Patrick T. Fallon / Getty Images A little over a year after he was hired to oversee Instcart's contractor workforce and customer service team, senior vice president of operations Mike Swartz is leaving the company, BuzzFeed News has confirmed.
Prior to joining Instacart, Swartz had a decade-long career in operations at Amazon; he has also served as an advisor to Flipkart and Warby Parker. The news comes on the heels of a $400 million funding round for Instacart, which is now valued at $3.4 billion. But in other ways, it's been a tough year for Instacart, marked by an increasingly tense relationship with its workforce. "Shoppers" who work in-store are Instacart employees, but shoppers who buy and deliver customers' groceries are contract workers. Instacart first cut delivery worker wages last March. Then, in September, the company announced it was replacing tips with a service fee that would be collected by the company and distributed to workers.

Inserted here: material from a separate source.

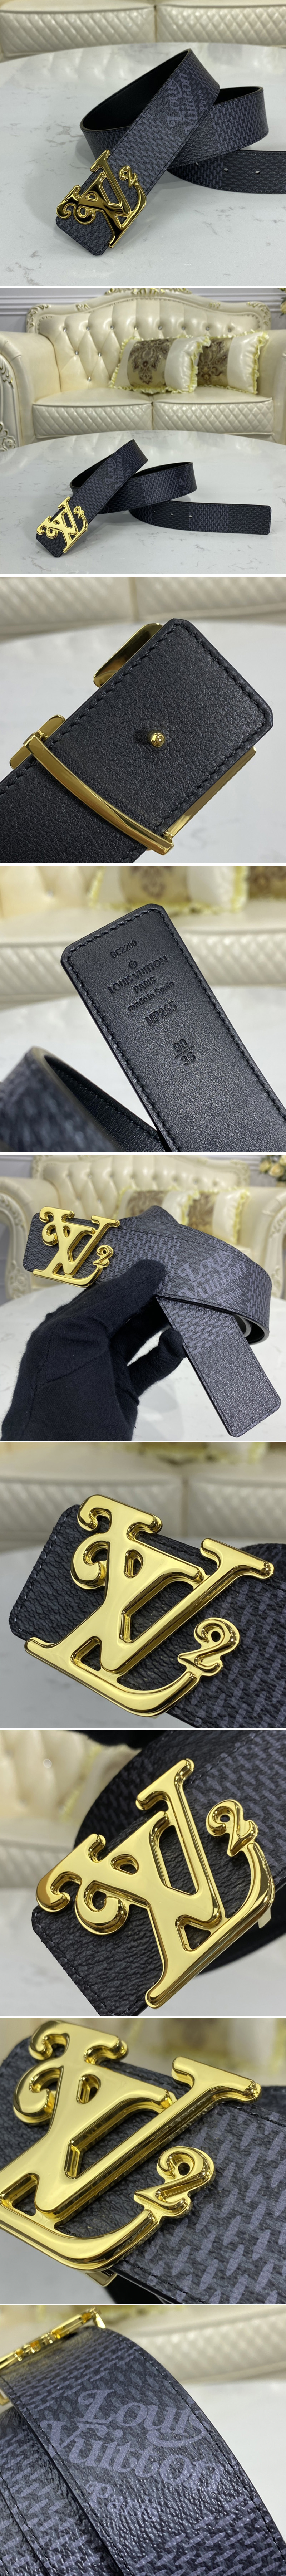 Replica Louis Vuitton MP255V LV Squared LV 40mm reversible belt in Damier Graphite Canvas/Black With Gold Buckle

After workers revolted, Instacart agreed to keep tips on the platform — but it made the service fee, which doesn't go directly to workers, the default option. Instacart failed to explain the difference between the fee and tips to customers; as a result, the delivery workers saw their earnings slide. In October, Instacart CEO Apoorva Mehta told BuzzFeed News that shoppers would have to earn less for the company to continue to grow. In December, a group of workers filed a class action lawsuit against the company That lawsuit was settled last month for $4.6 million. In the settlement, Instacart promised to better differentiate between tips and the service fee in the future, though how it plans to do that is unclear. Meanwhile, Instacart shoppers tell BuzzFeed News that the rates they earn per delivery have continued to fall. In a statement about Swartz, Instacart said, "He's been a great asset to our team in the last year, and we wish him the best in his future endeavors." Swartz did not immediately return a request for comment from BuzzFeed News.
At the time of his hiring, Swartz told Recode, "When you think about changing traffic patterns, product availability, the weather, customer preferences, you realize how complex the demand modeling can be."